*Your assignment*.
Copy the data exactly as it appears, and do not include any pictures.

*Available data*.
'''

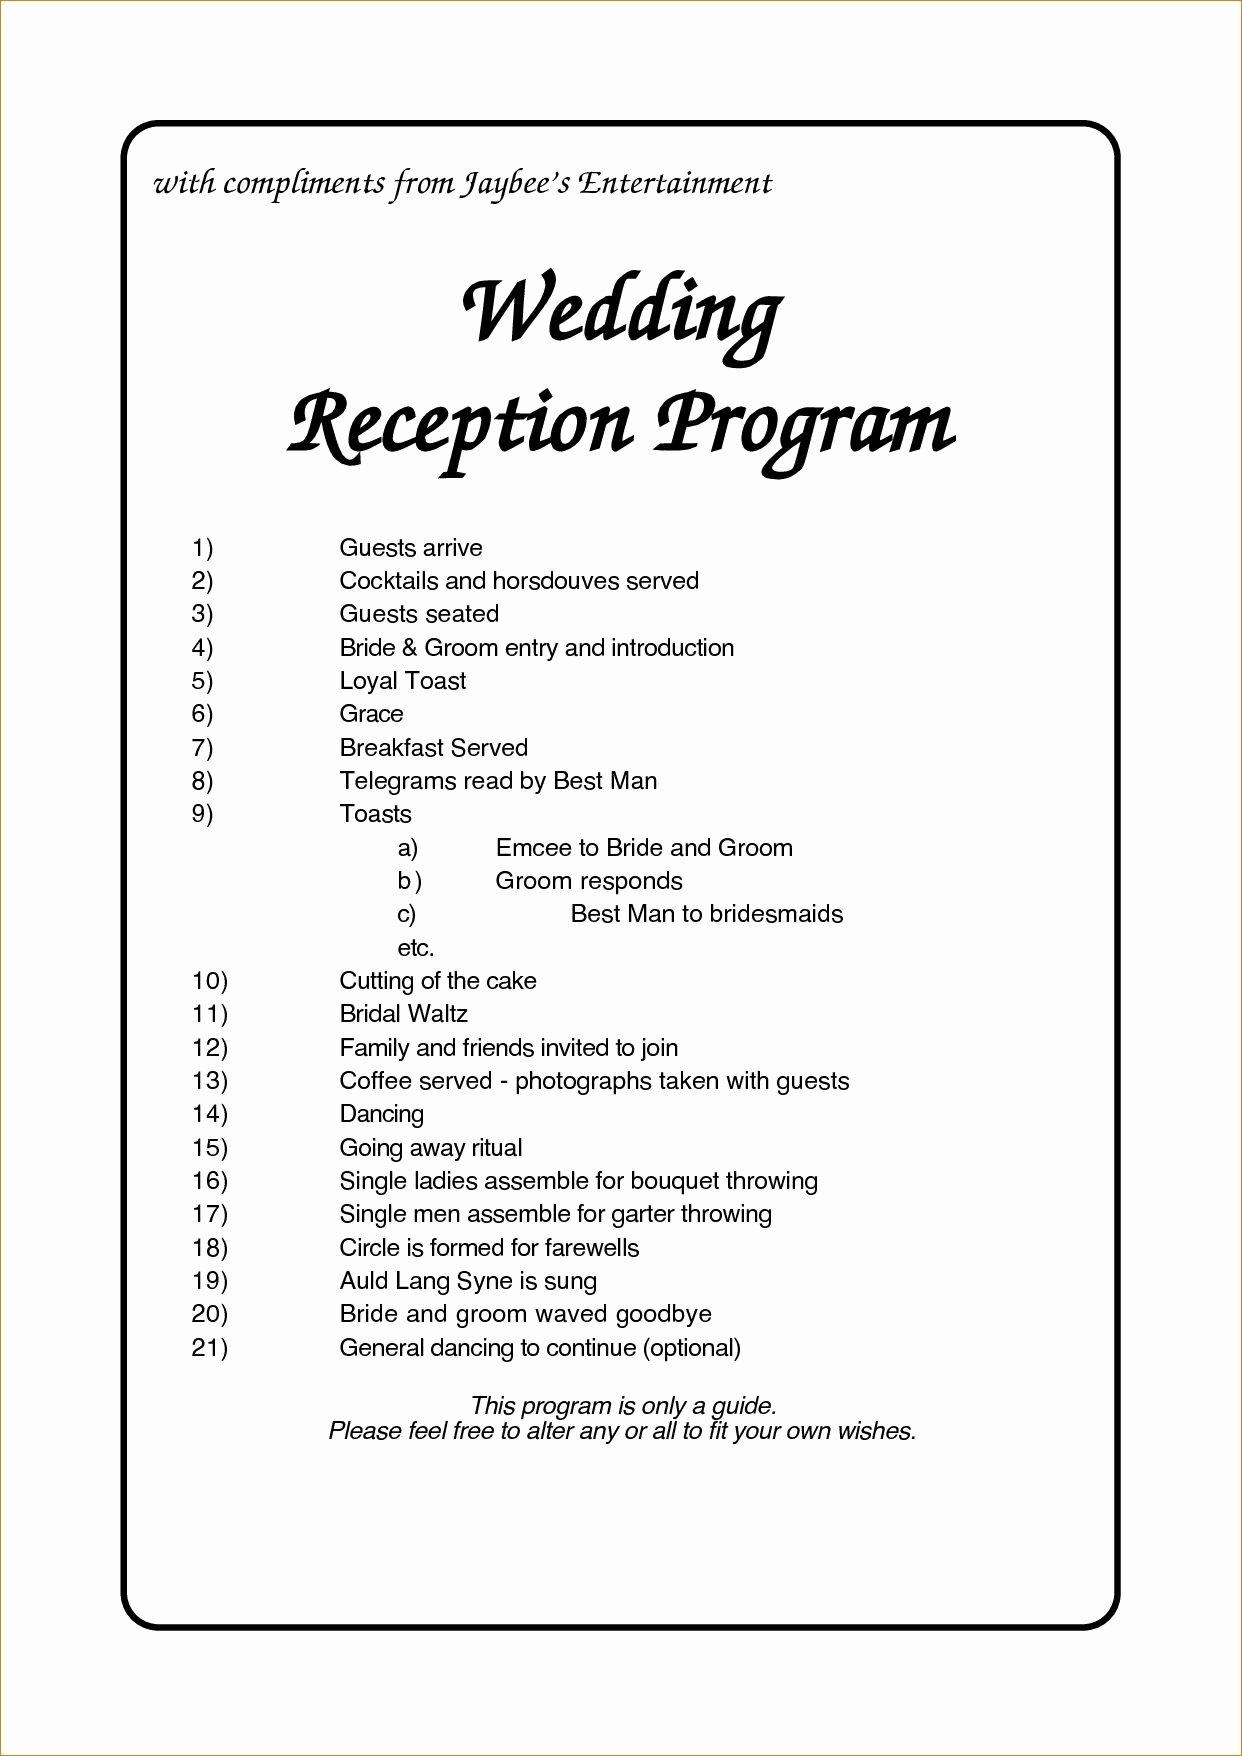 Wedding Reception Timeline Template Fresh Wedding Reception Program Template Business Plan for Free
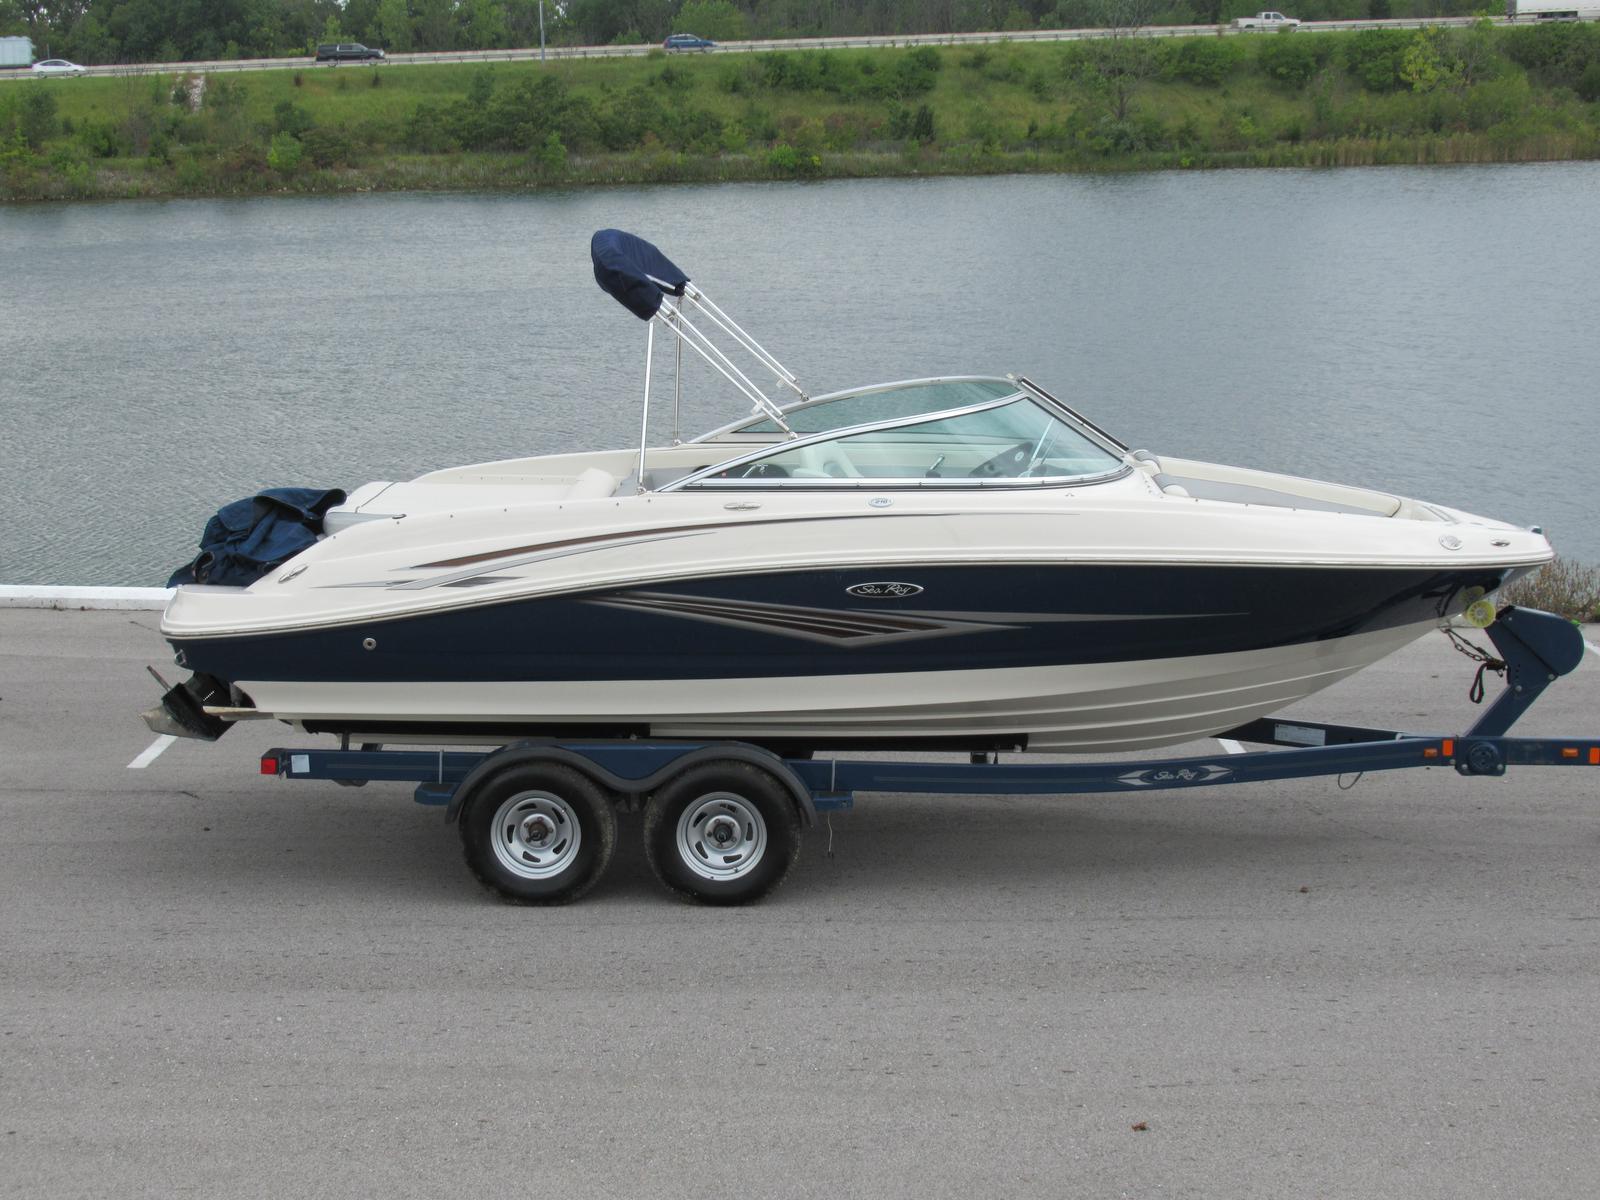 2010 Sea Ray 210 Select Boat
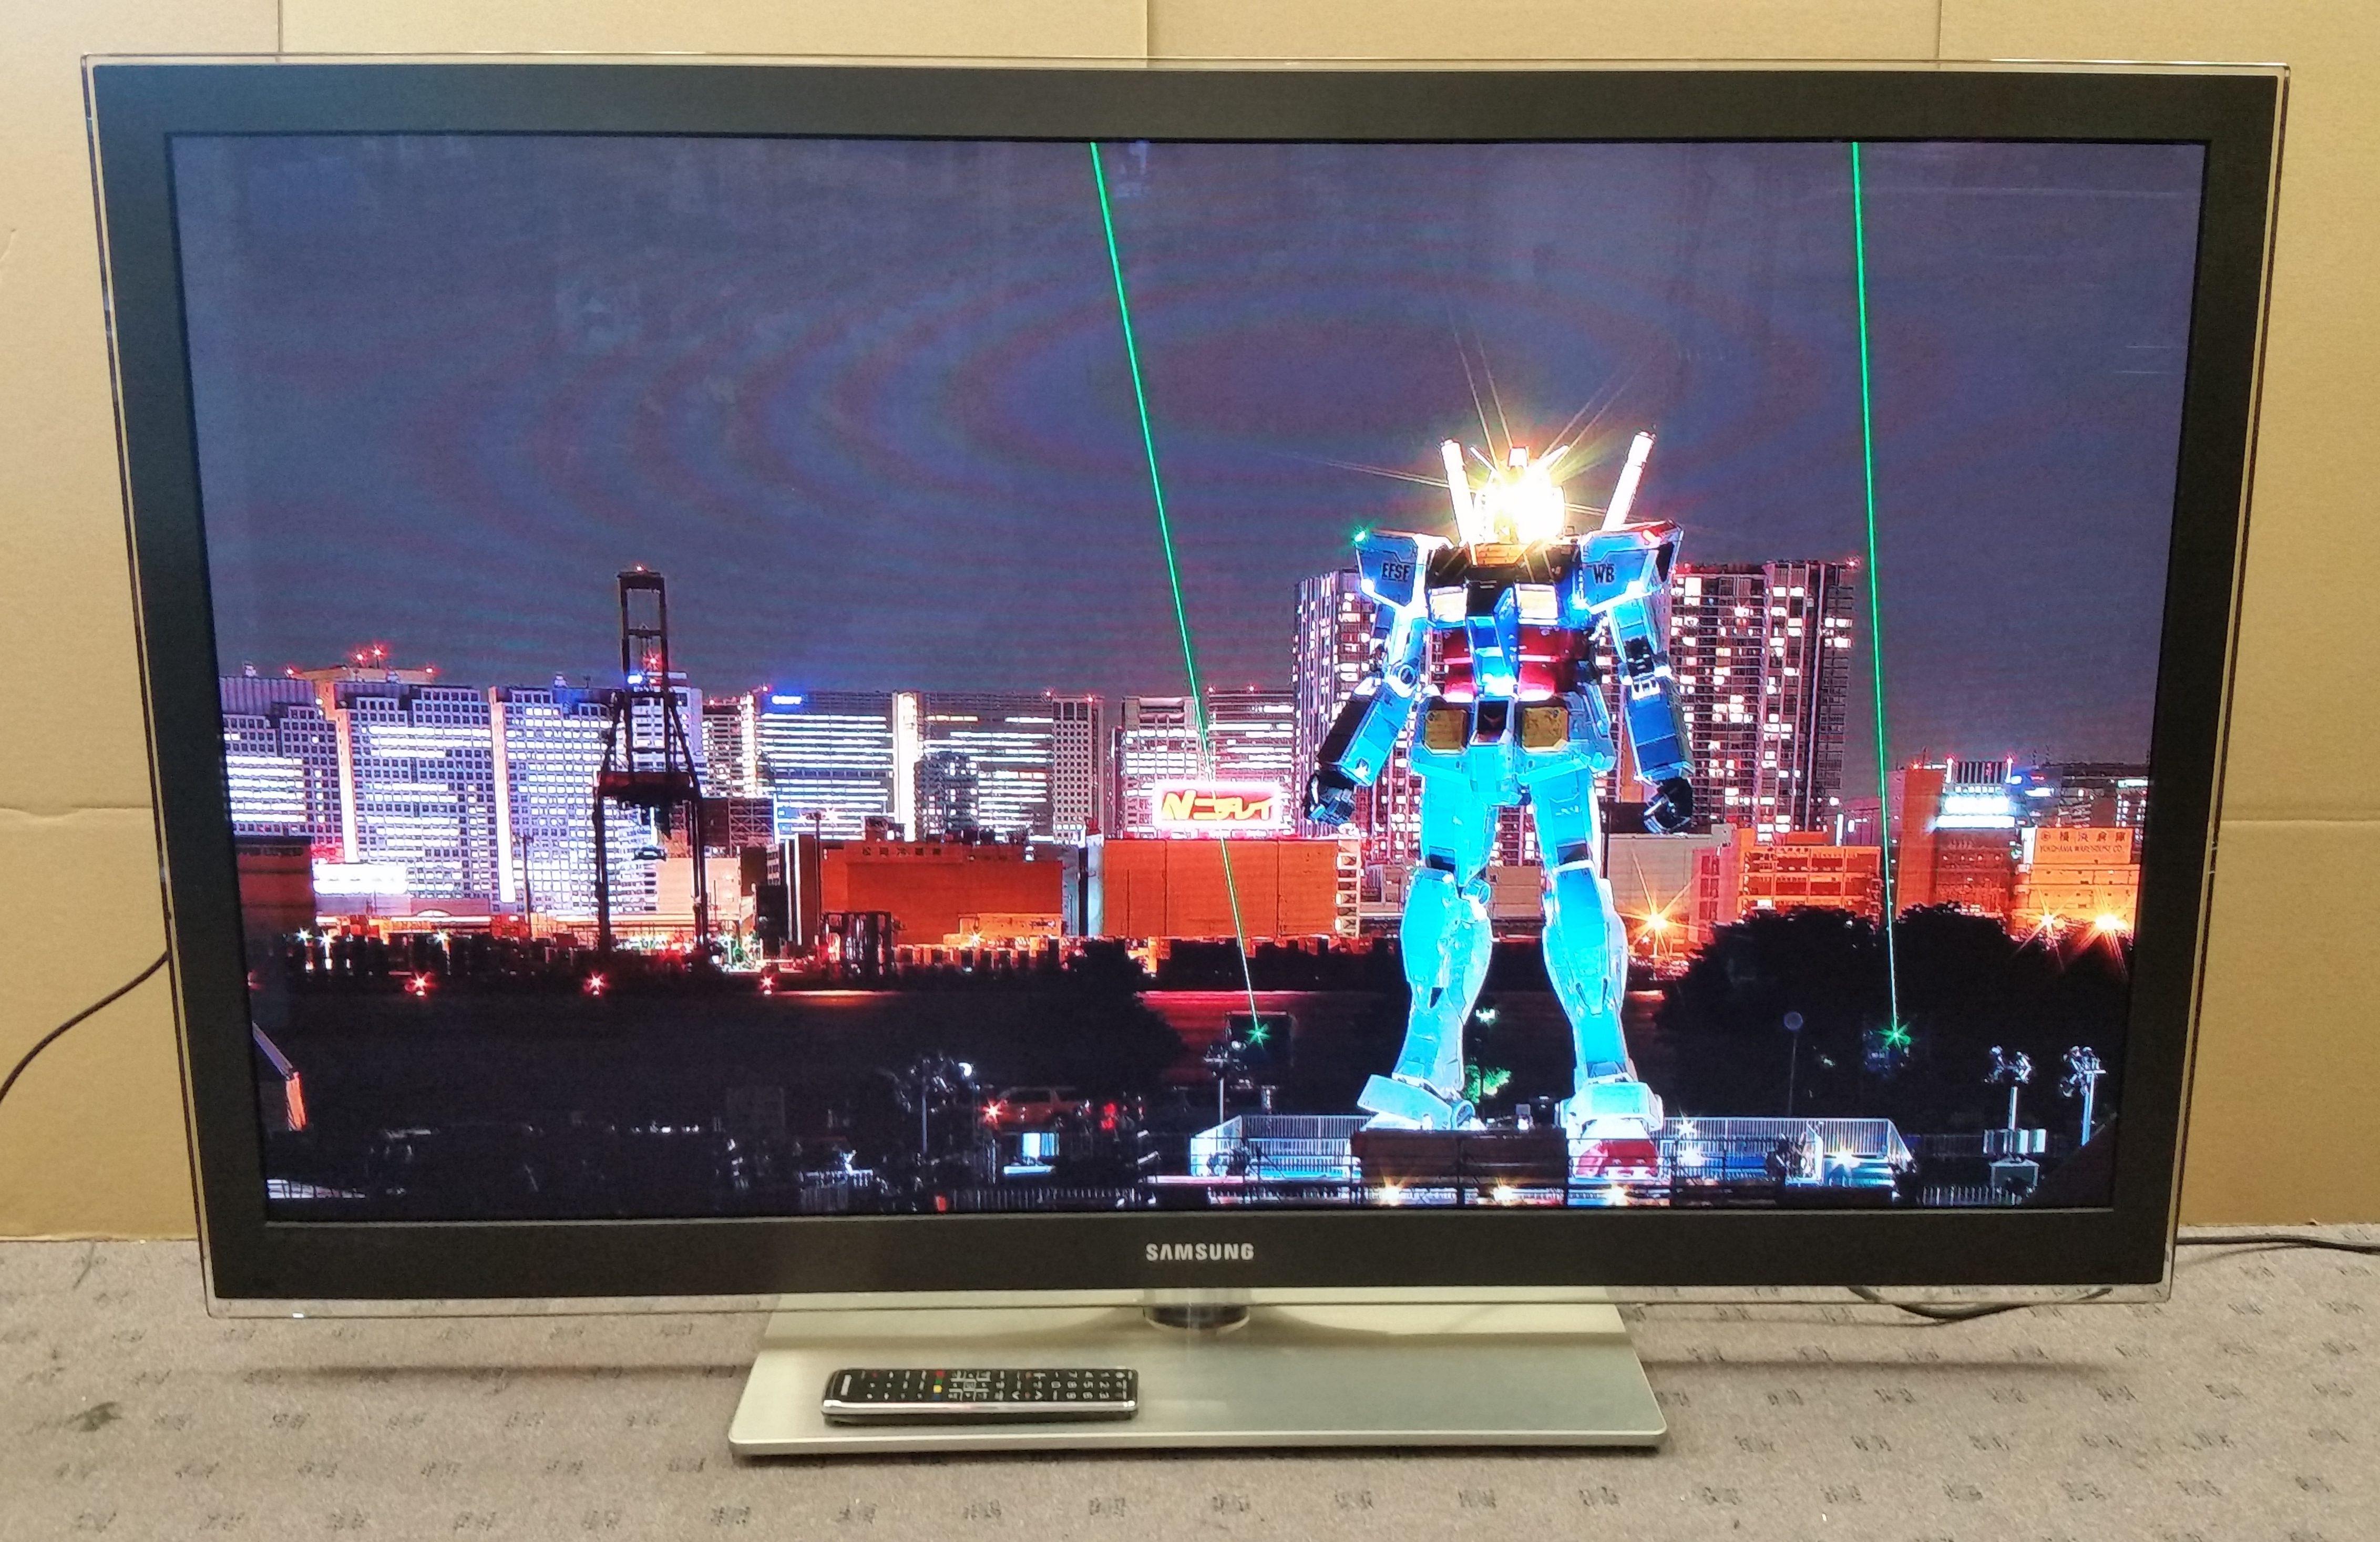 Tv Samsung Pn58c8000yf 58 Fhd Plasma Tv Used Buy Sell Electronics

'''

*Result of this task*.
 Wedding Reception Timeline Template Fresh Wedding Reception Program Template Business Plan for Free
 2010 Sea Ray 210 Select Boat
 Tv Samsung Pn58c8000yf 58 Fhd Plasma Tv Used Buy Sell Electronics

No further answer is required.